__Requirement__:
What is needed is an exact copy of the data below, pictures excluded.

__Collected material__:
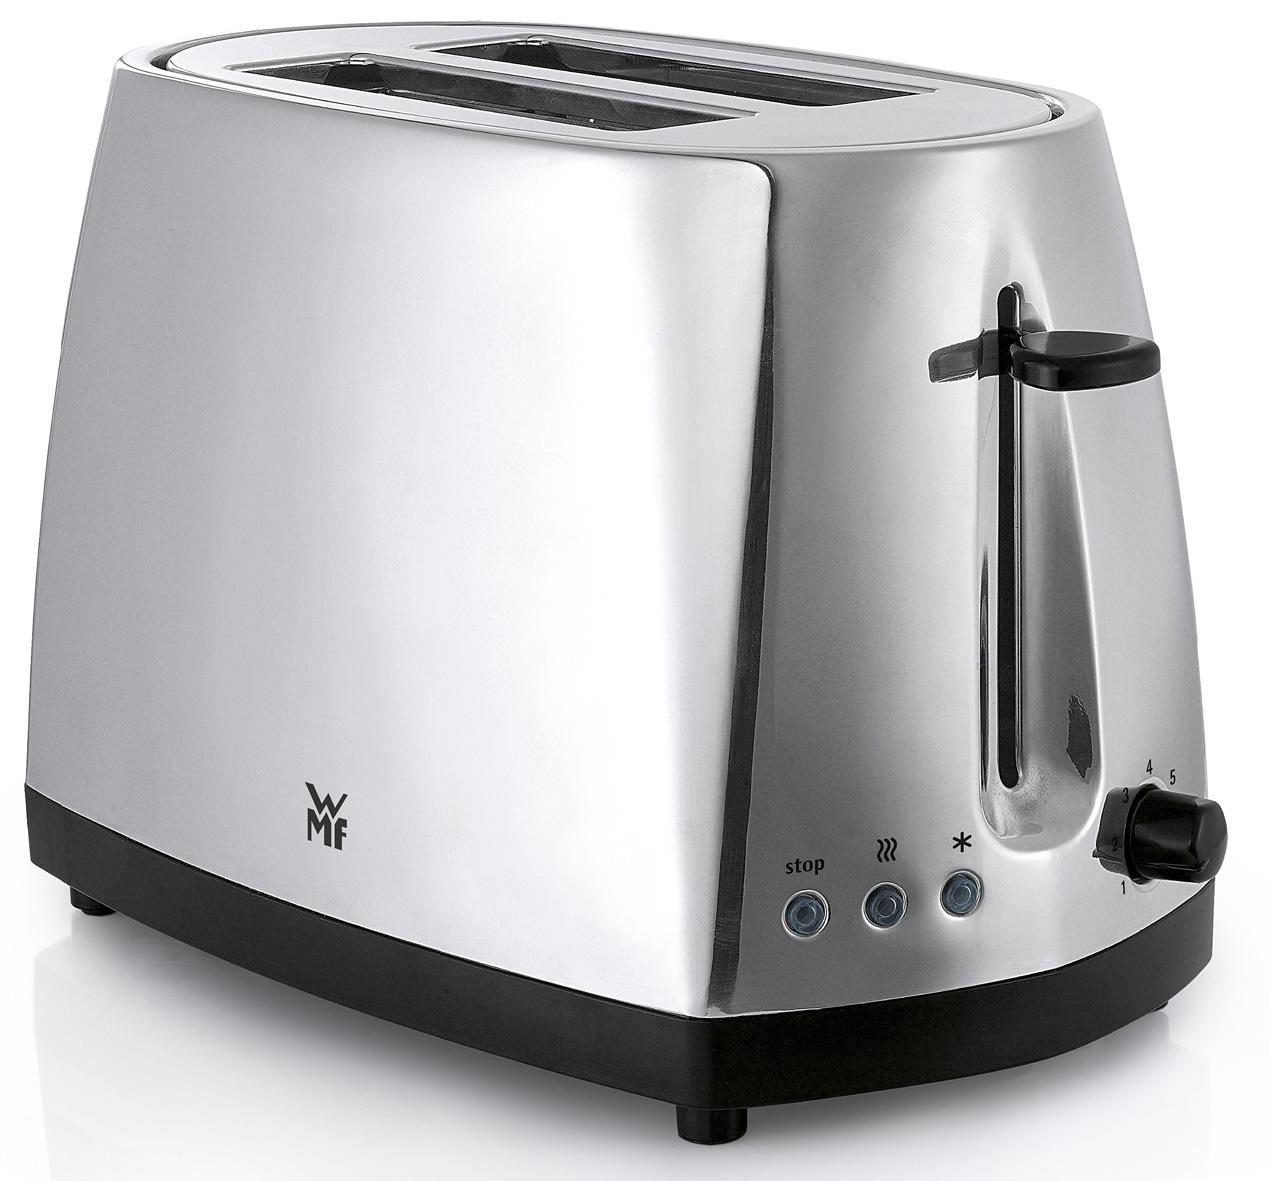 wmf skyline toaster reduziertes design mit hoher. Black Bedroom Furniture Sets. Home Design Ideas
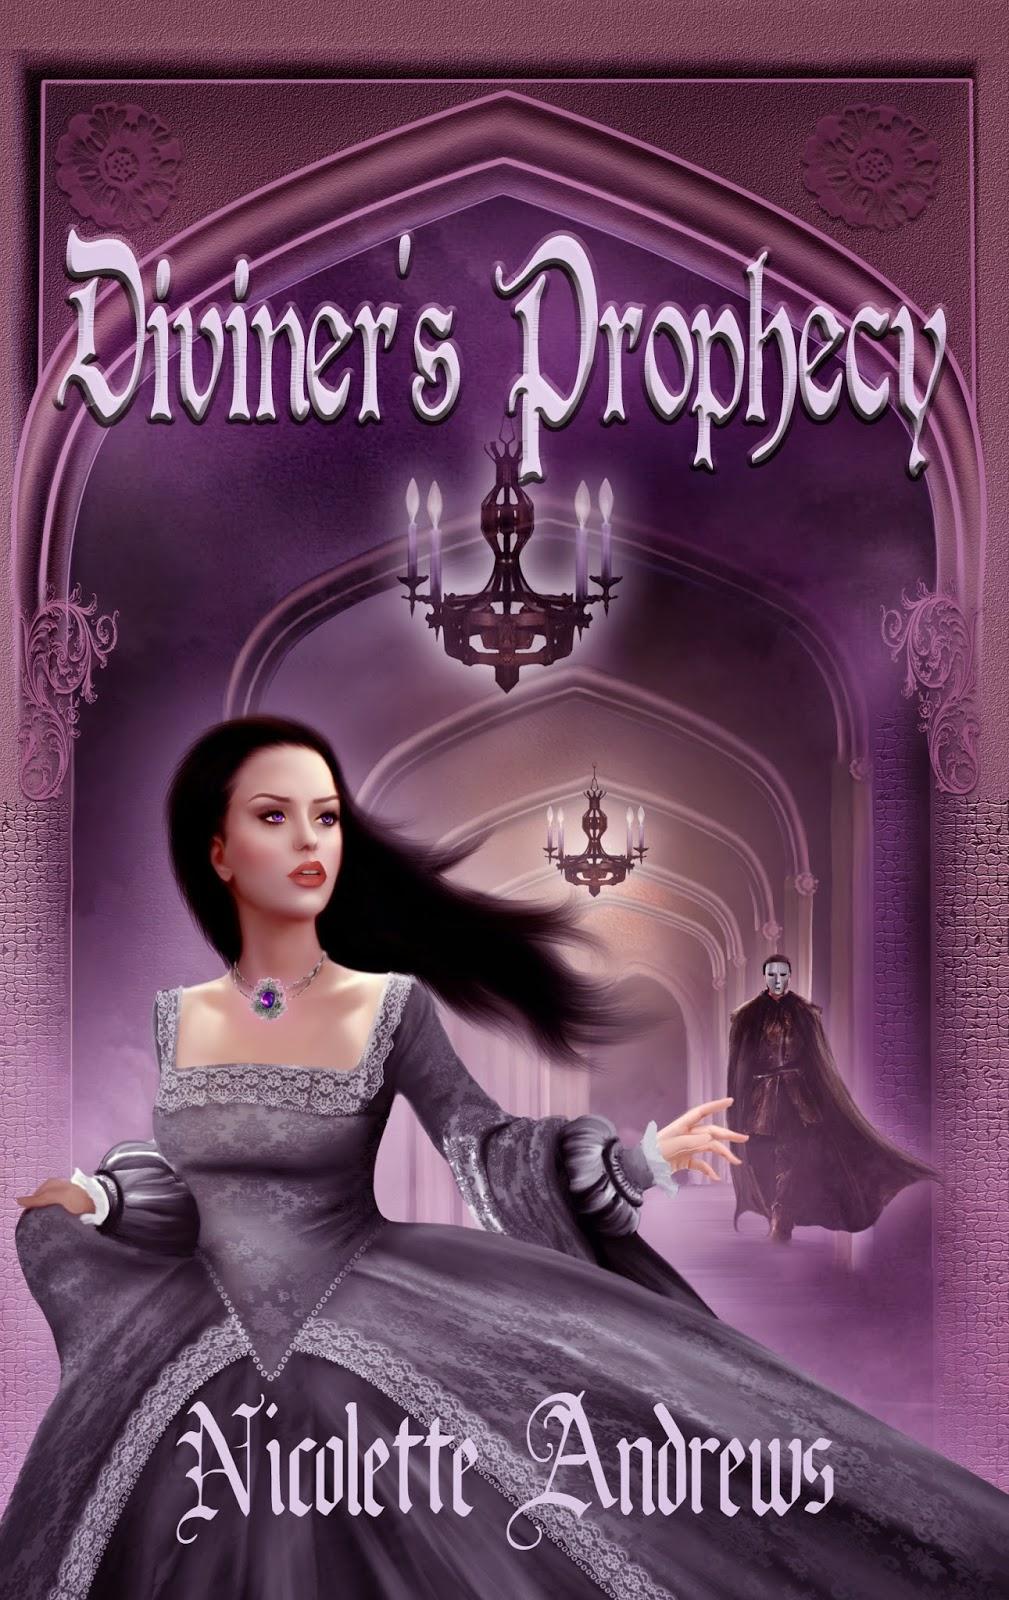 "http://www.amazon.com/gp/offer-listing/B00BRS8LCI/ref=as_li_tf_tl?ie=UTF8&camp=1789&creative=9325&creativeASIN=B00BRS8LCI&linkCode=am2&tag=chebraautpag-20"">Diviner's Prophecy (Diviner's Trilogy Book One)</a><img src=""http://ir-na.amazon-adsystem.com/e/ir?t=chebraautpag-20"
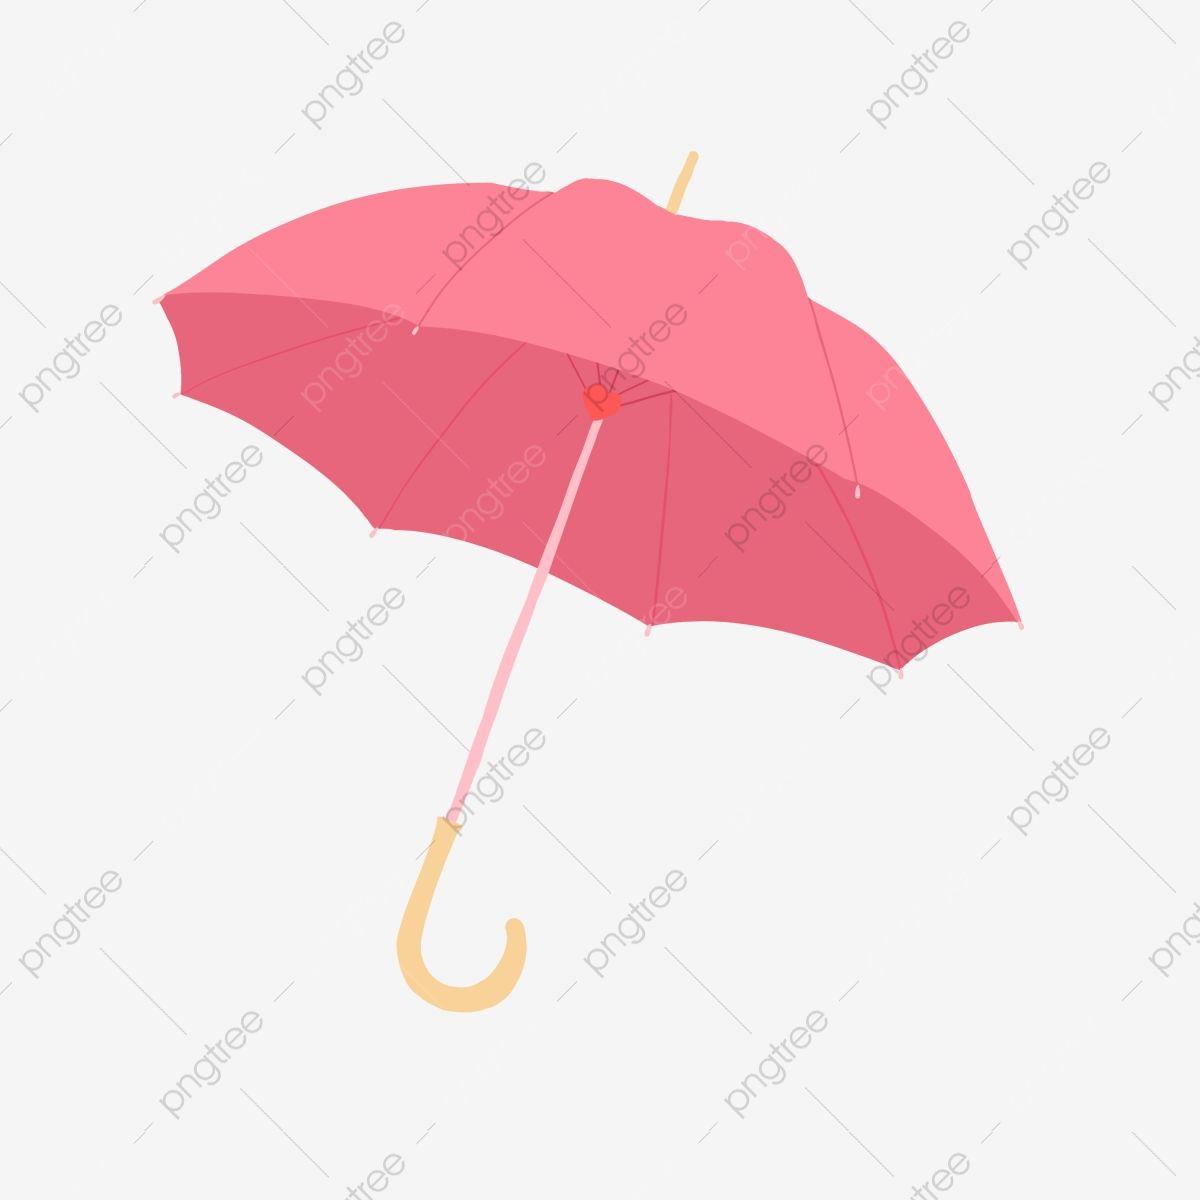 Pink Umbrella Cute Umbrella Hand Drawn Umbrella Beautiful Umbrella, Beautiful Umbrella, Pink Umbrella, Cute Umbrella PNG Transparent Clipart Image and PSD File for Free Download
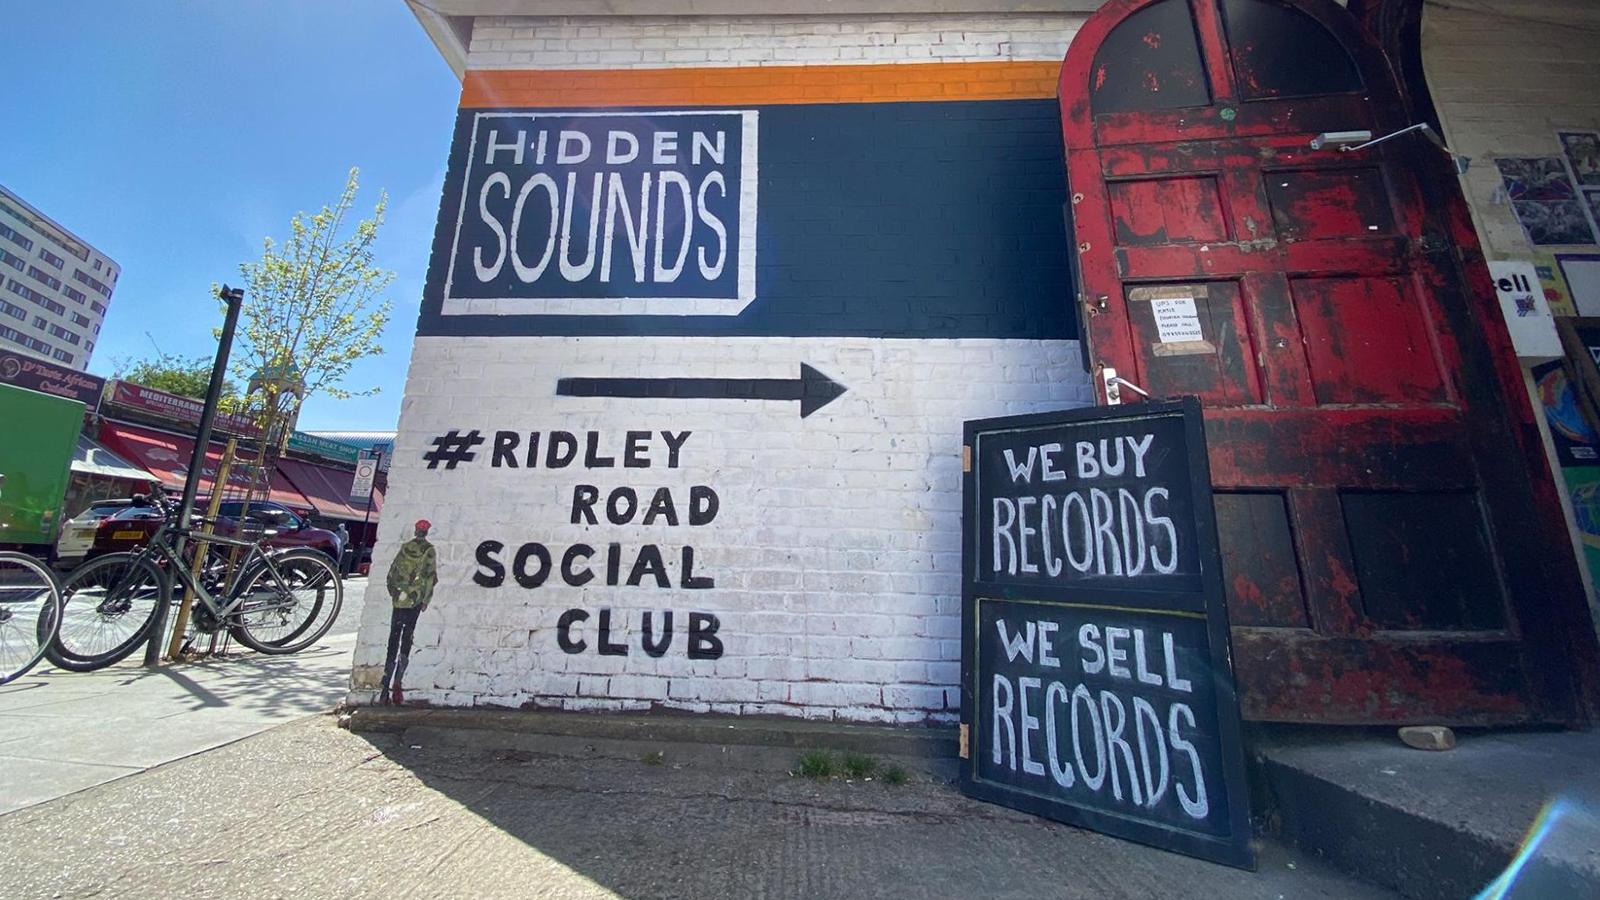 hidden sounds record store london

__Task response__:
 wmf skyline toaster reduziertes design mit hoher. Black Bedroom Furniture Sets. Home Design Ideas
 "http://www.amazon.com/gp/offer-listing/B00BRS8LCI/ref=as_li_tf_tl?ie=UTF8&camp=1789&creative=9325&creativeASIN=B00BRS8LCI&linkCode=am2&tag=chebraautpag-20"">Diviner's Prophecy (Diviner's Trilogy Book One)</a><img src=""http://ir-na.amazon-adsystem.com/e/ir?t=chebraautpag-20"
 Pink Umbrella Cute Umbrella Hand Drawn Umbrella Beautiful Umbrella, Beautiful Umbrella, Pink Umbrella, Cute Umbrella PNG Transparent Clipart Image and PSD File for Free Download
 hidden sounds record store london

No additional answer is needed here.